* [INFORMATION SHOWN]:
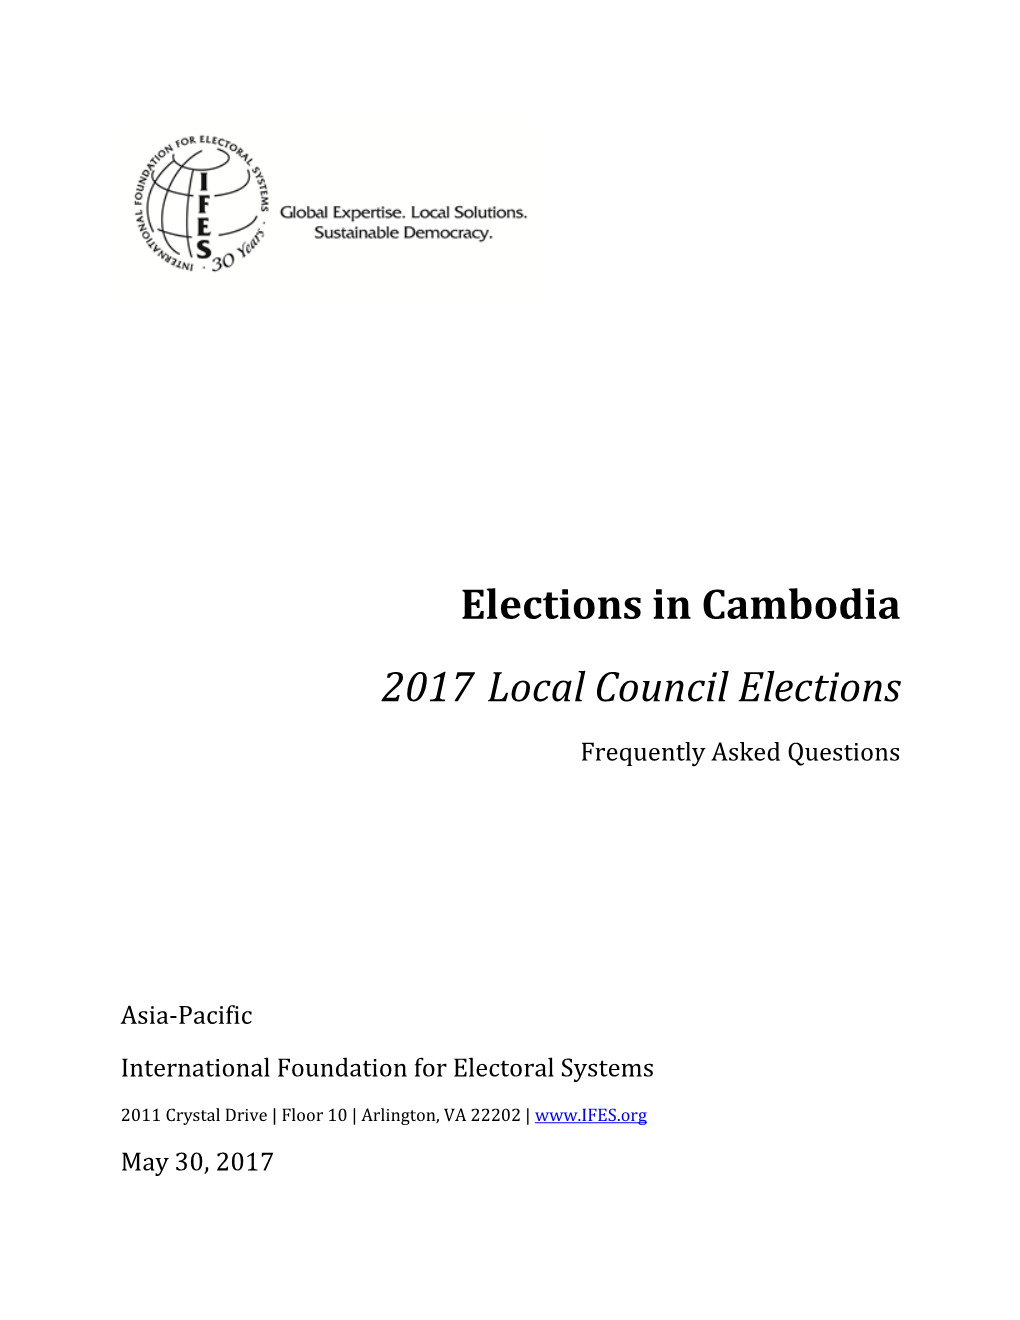 Elections in Cambodia: 2017 Local Council Elections Frequently Asked Questions
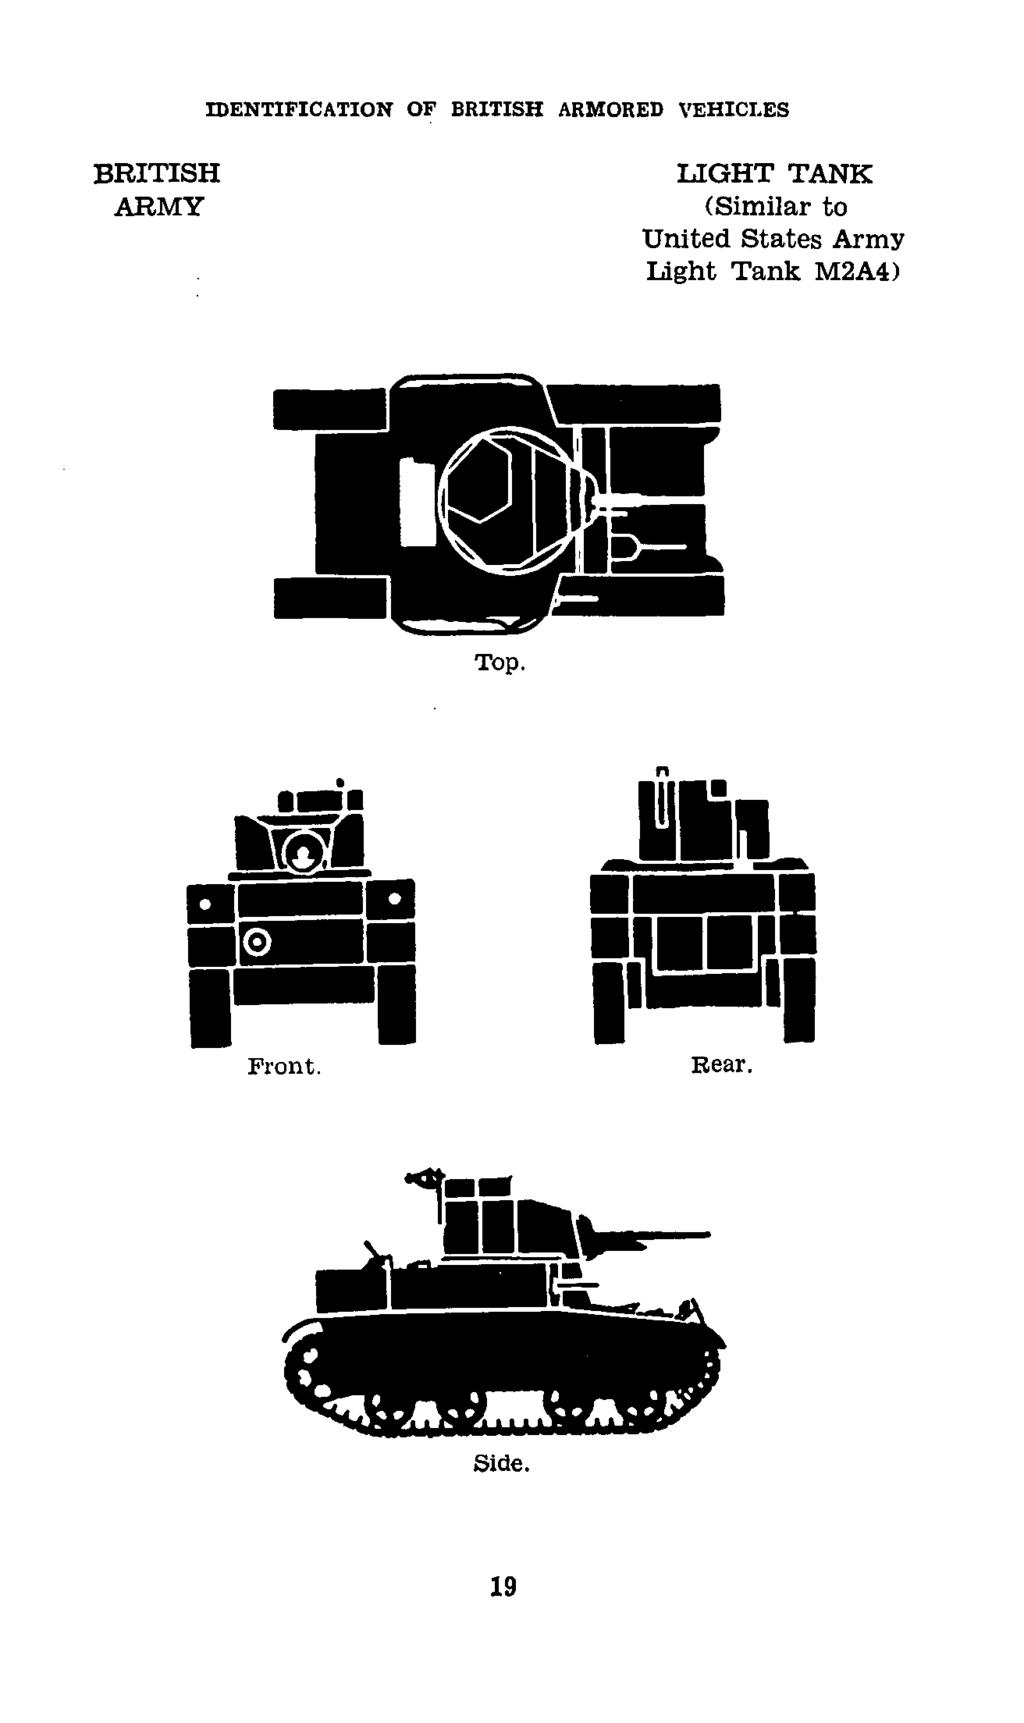 IDENTIFICATION OF ARMORED VEHICLES LIGHT TANK (Similar to United
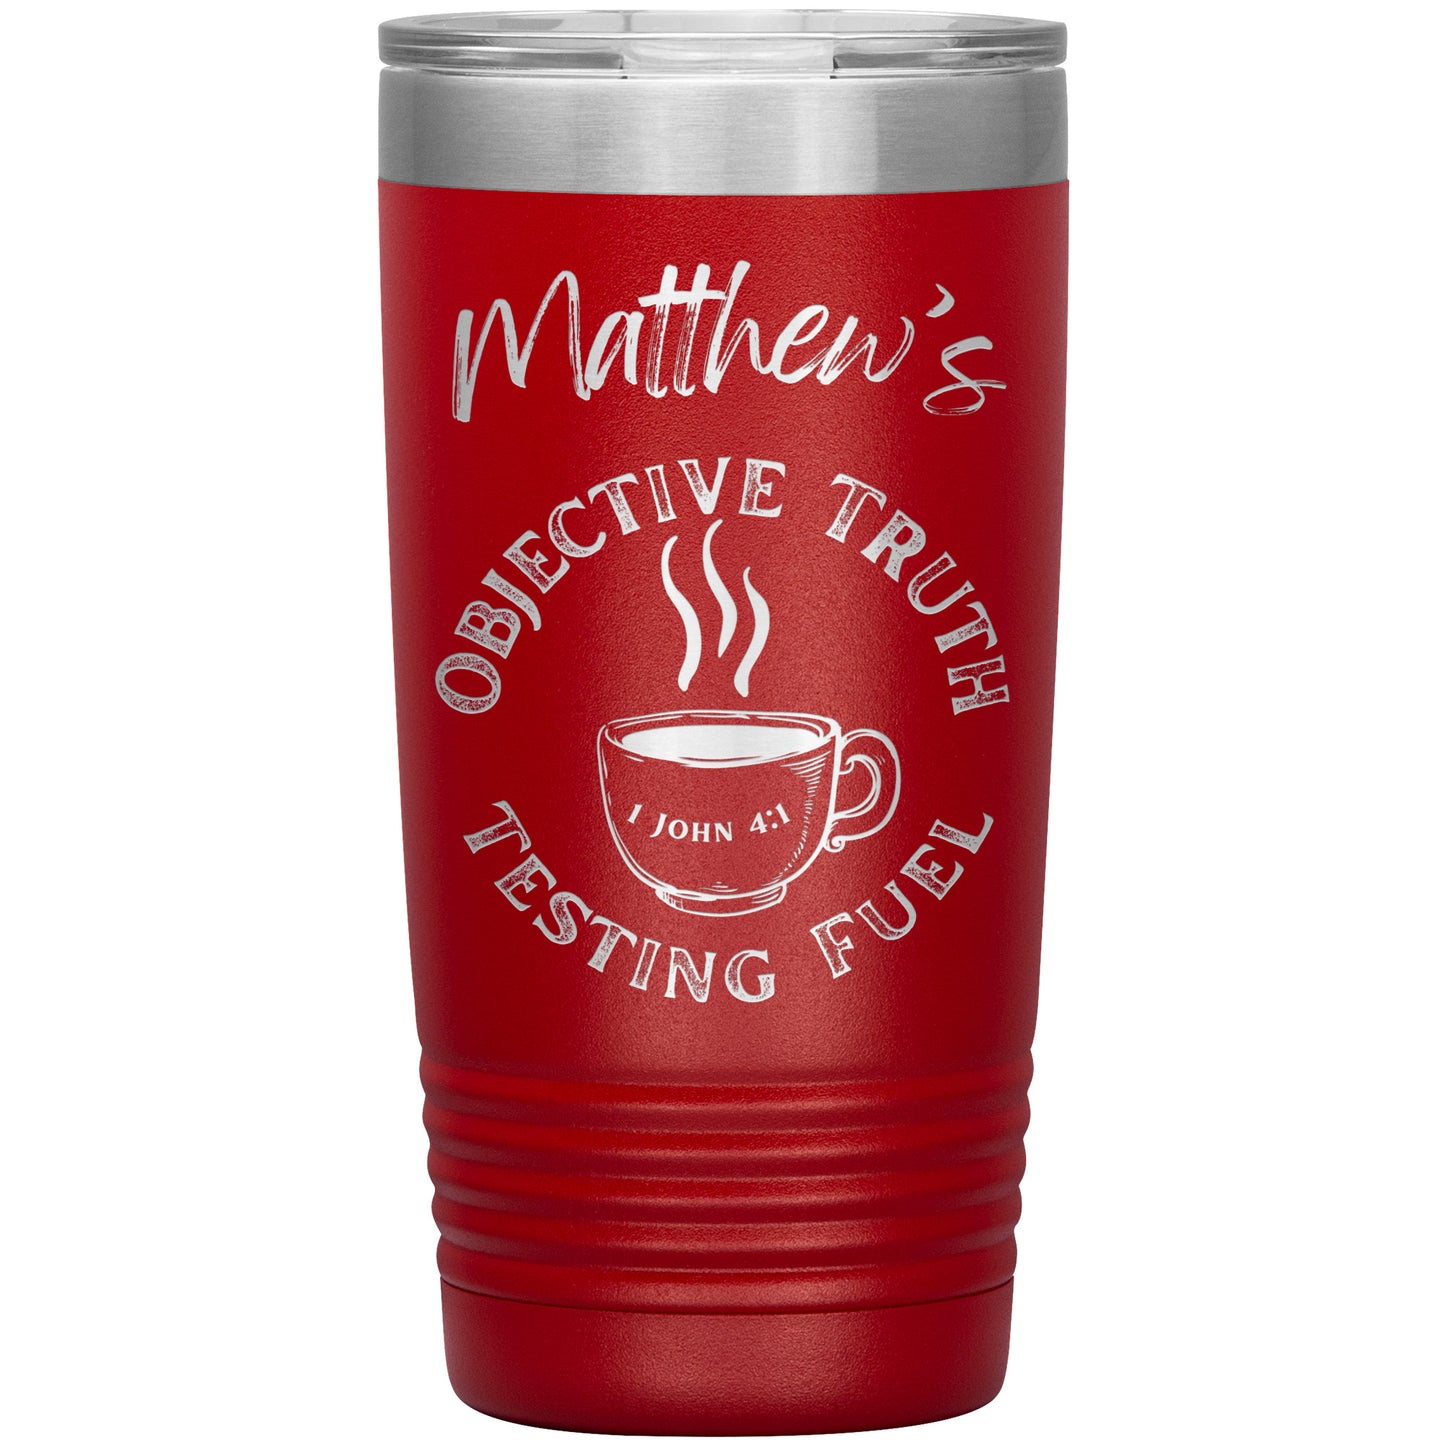 Objective Truth Testing Fuel Tumbler 20oz
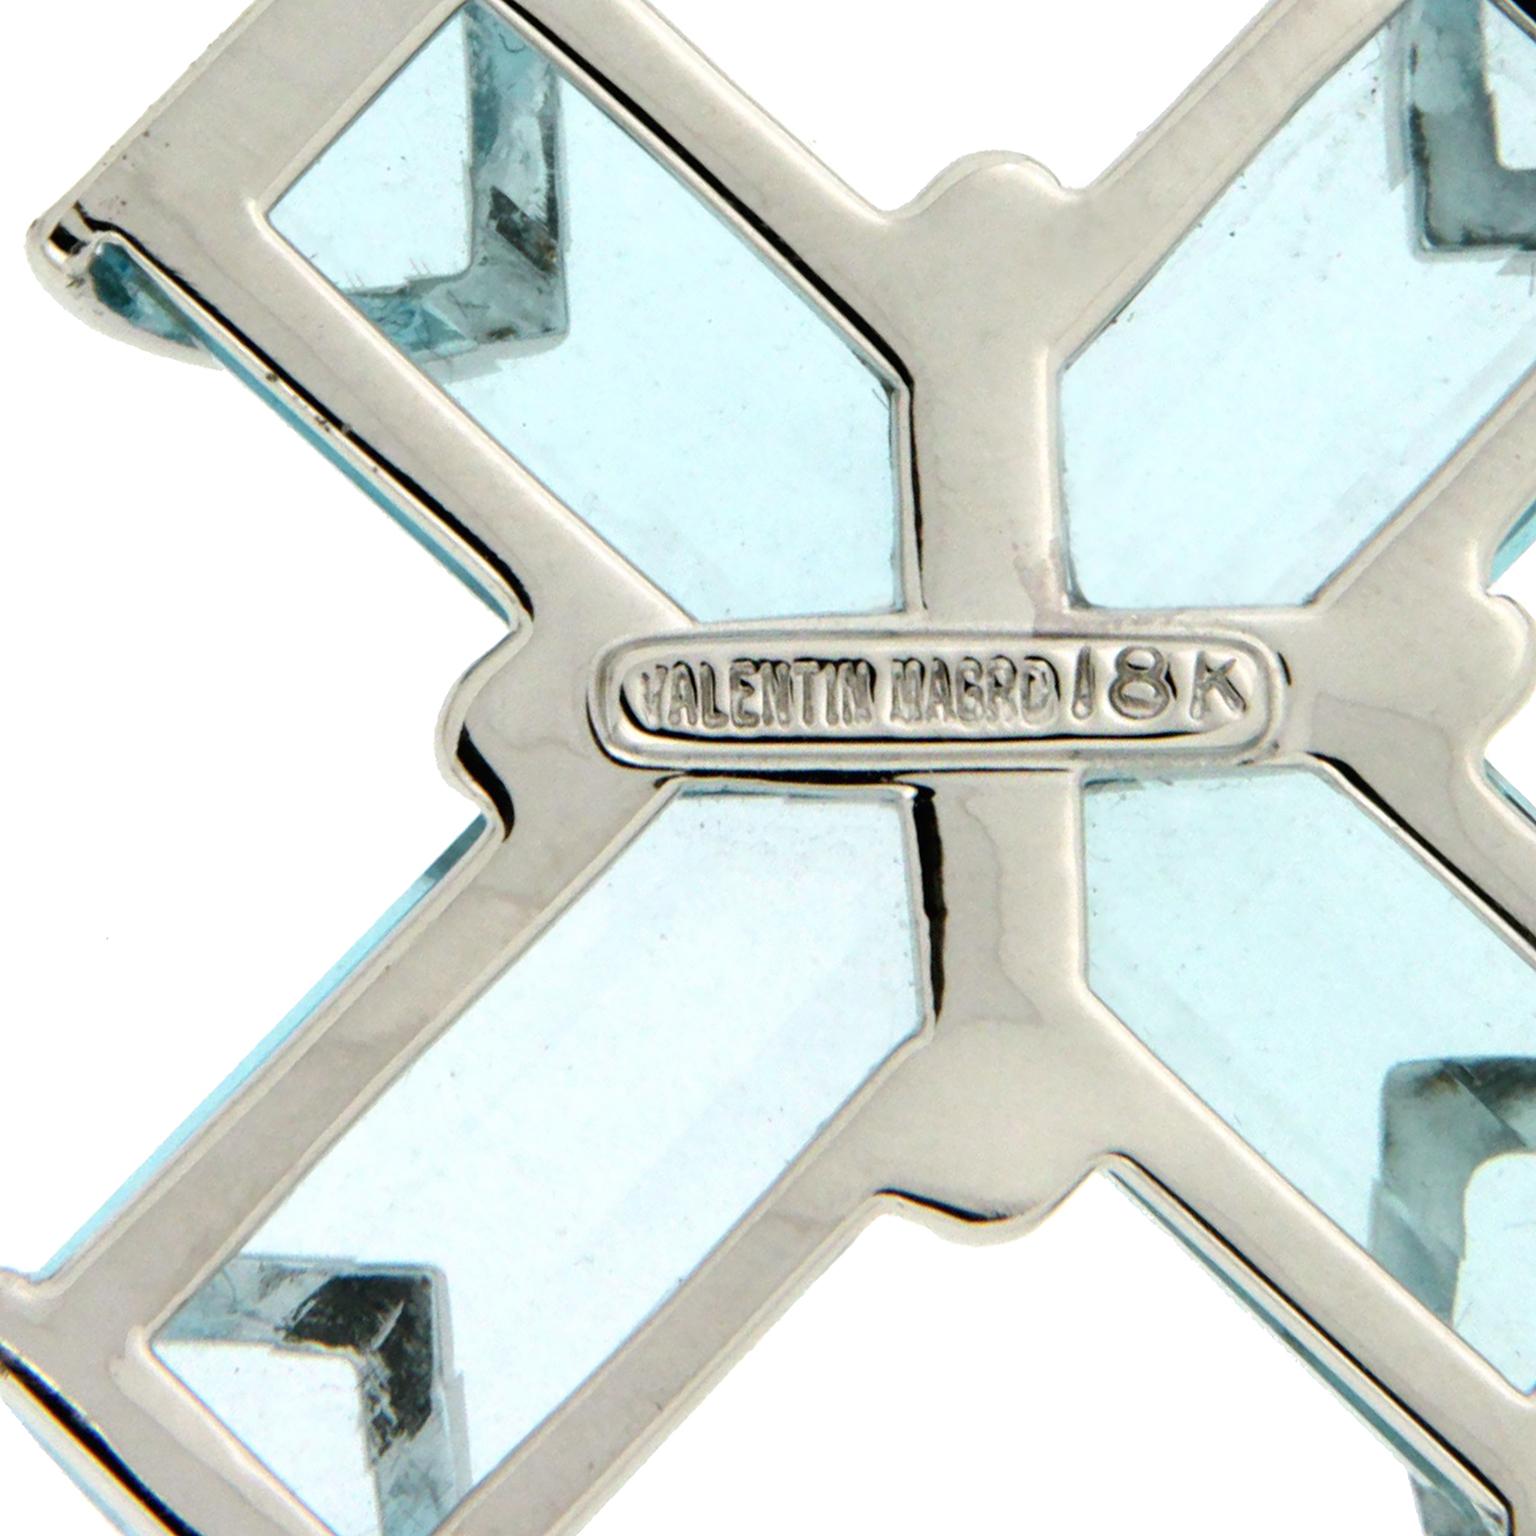 White gold accompanies the light-hued blue topaz for this pendant. Four-step cuts of the gem create the shape of a cross. 18k white gold overlaps from opposite directions in the center, forming an X. Each end of the cross also has V-shaped

* [WHAT YOU NEED TO DO]:
Retype the whole listing exactly and leave the pictures out.

* [OUTPUT]:
 Elections in Cambodia: 2017 Local Council Elections Frequently Asked Questions
 IDENTIFICATION OF ARMORED VEHICLES LIGHT TANK (Similar to United
 Objective Truth Testing Fuel Tumbler 20oz
 White gold accompanies the light-hued blue topaz for this pendant. Four-step cuts of the gem create the shape of a cross. 18k white gold overlaps from opposite directions in the center, forming an X. Each end of the cross also has V-shaped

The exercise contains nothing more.